On the other side, your partner demands your attention and hounds you to talk when you aren't ready or prepared. You're thoroughly ticked. But something keeps you from speaking what you're really thinking because you don't know how to communicate better.  

So you shut down. The louder and angrier your partner gets, the longer you say nothing. Your rage rises in the quietness. You've perfectly executed the silent treatment. In the silent treatment, one partner demands while the other withdraws.

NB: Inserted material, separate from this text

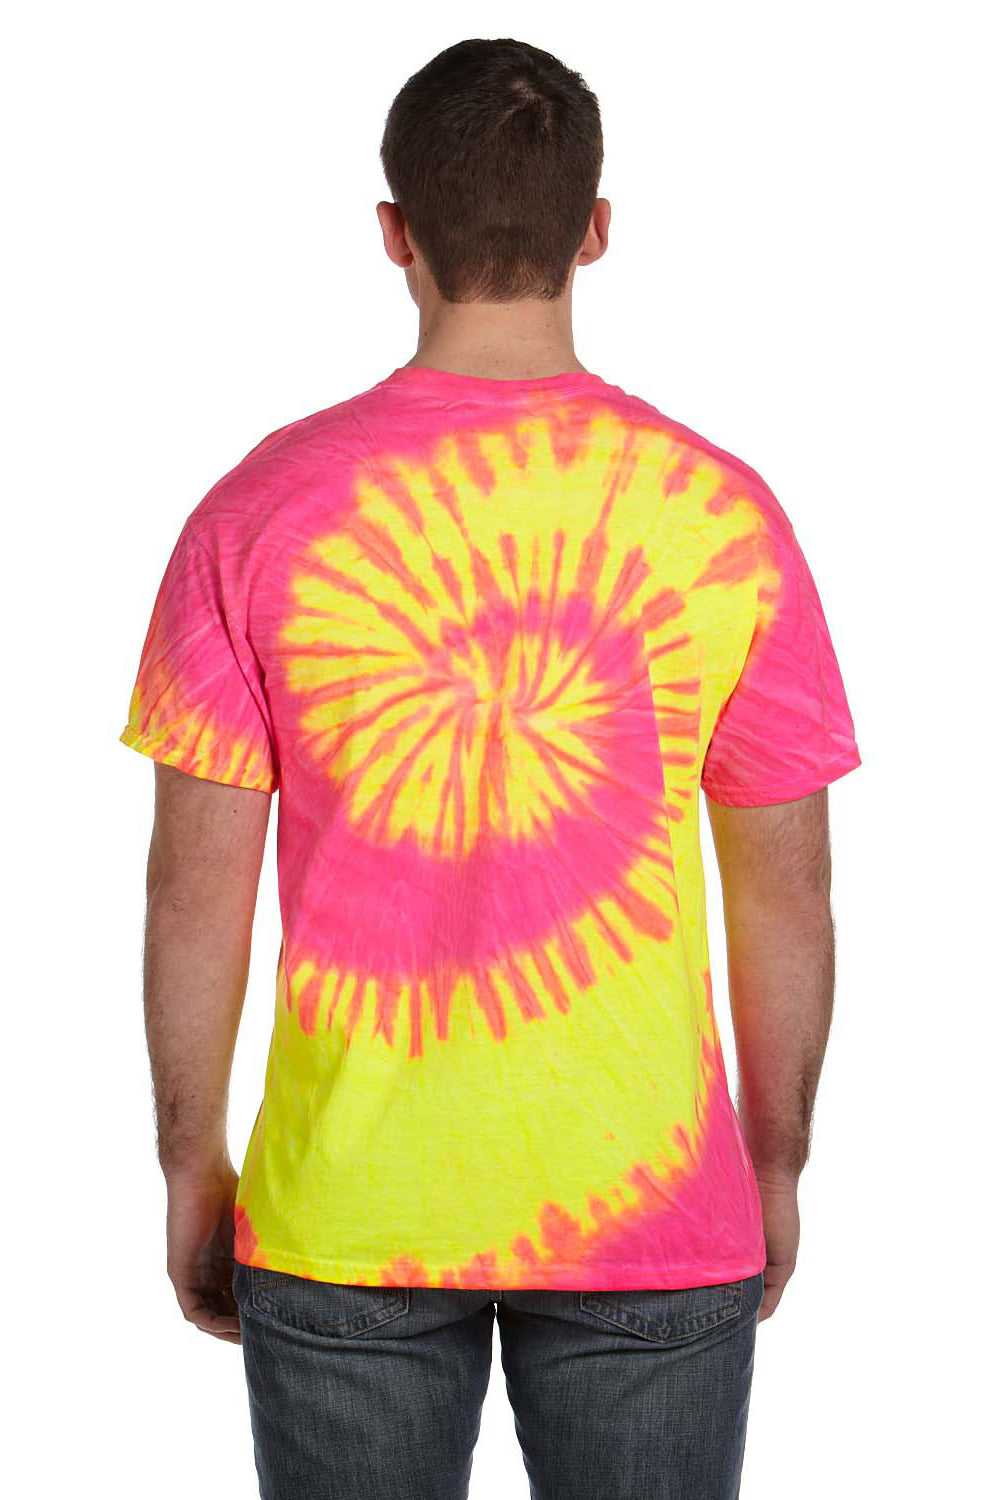 Tie-Dye CD100 Mens Short Sleeve Crewneck T-Shirt Flourescent Swirl Back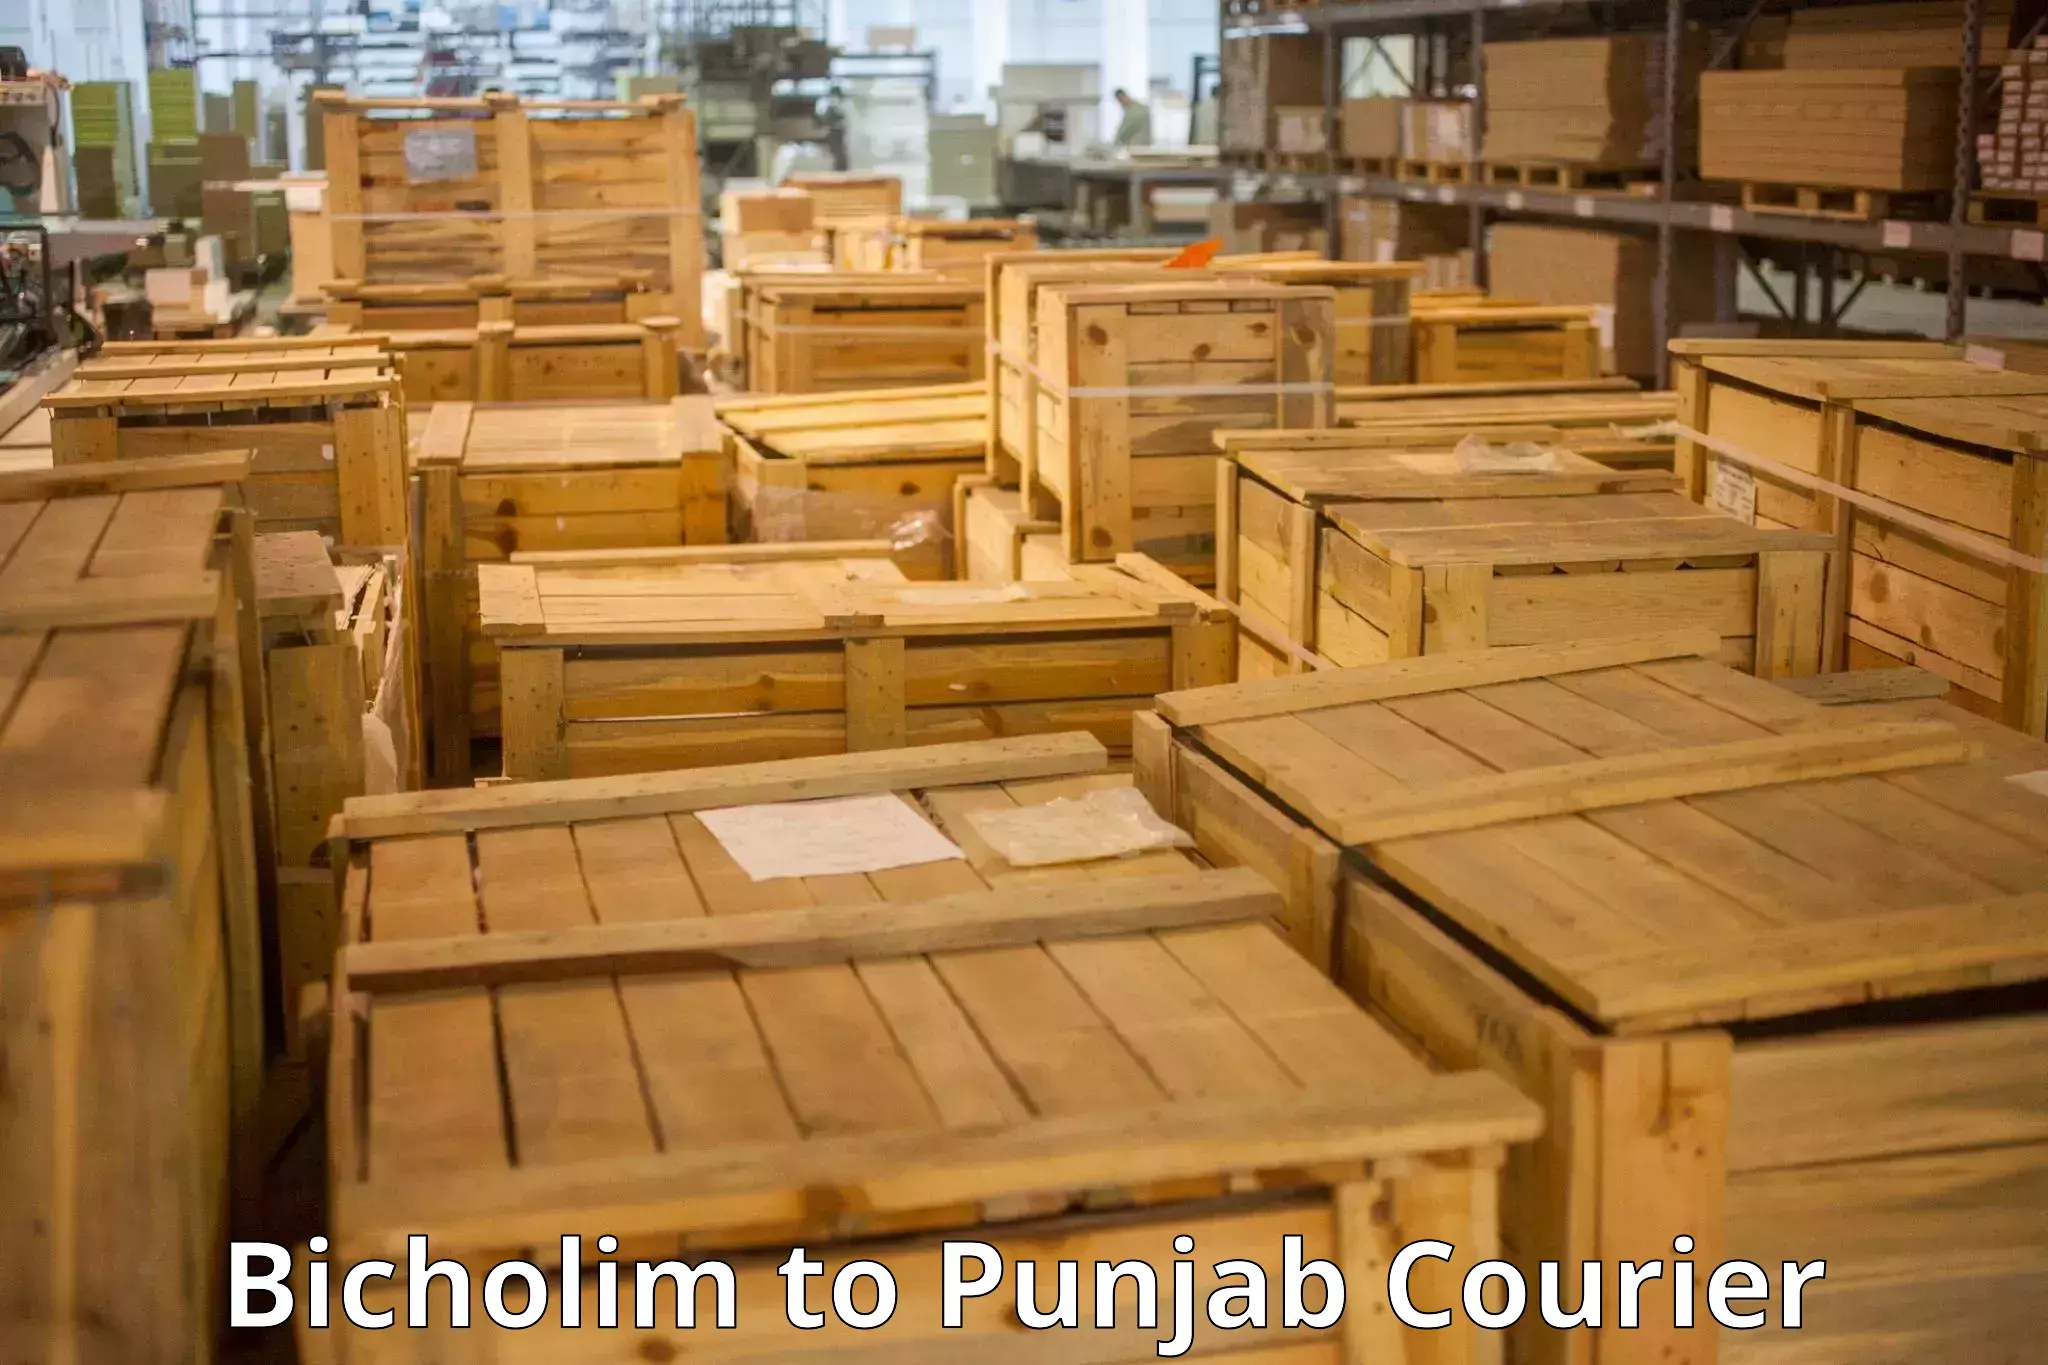 Luggage transport company Bicholim to Punjab

The silent treatment is dangerous. According to a Wall Street Journal article, research finds "the demand-withdraw pattern to be one of the most damaging types of relationship conflict and one of the hardest patterns to break." When people exhibit this pattern, communication, intimacy and relationship satisfaction plummet.

People become less agreeable and conscientious and more aggressive and neurotic. They have urinary and bowel problems, weakened immune systems, and even erectile dysfunction. Clearly, something needs to change.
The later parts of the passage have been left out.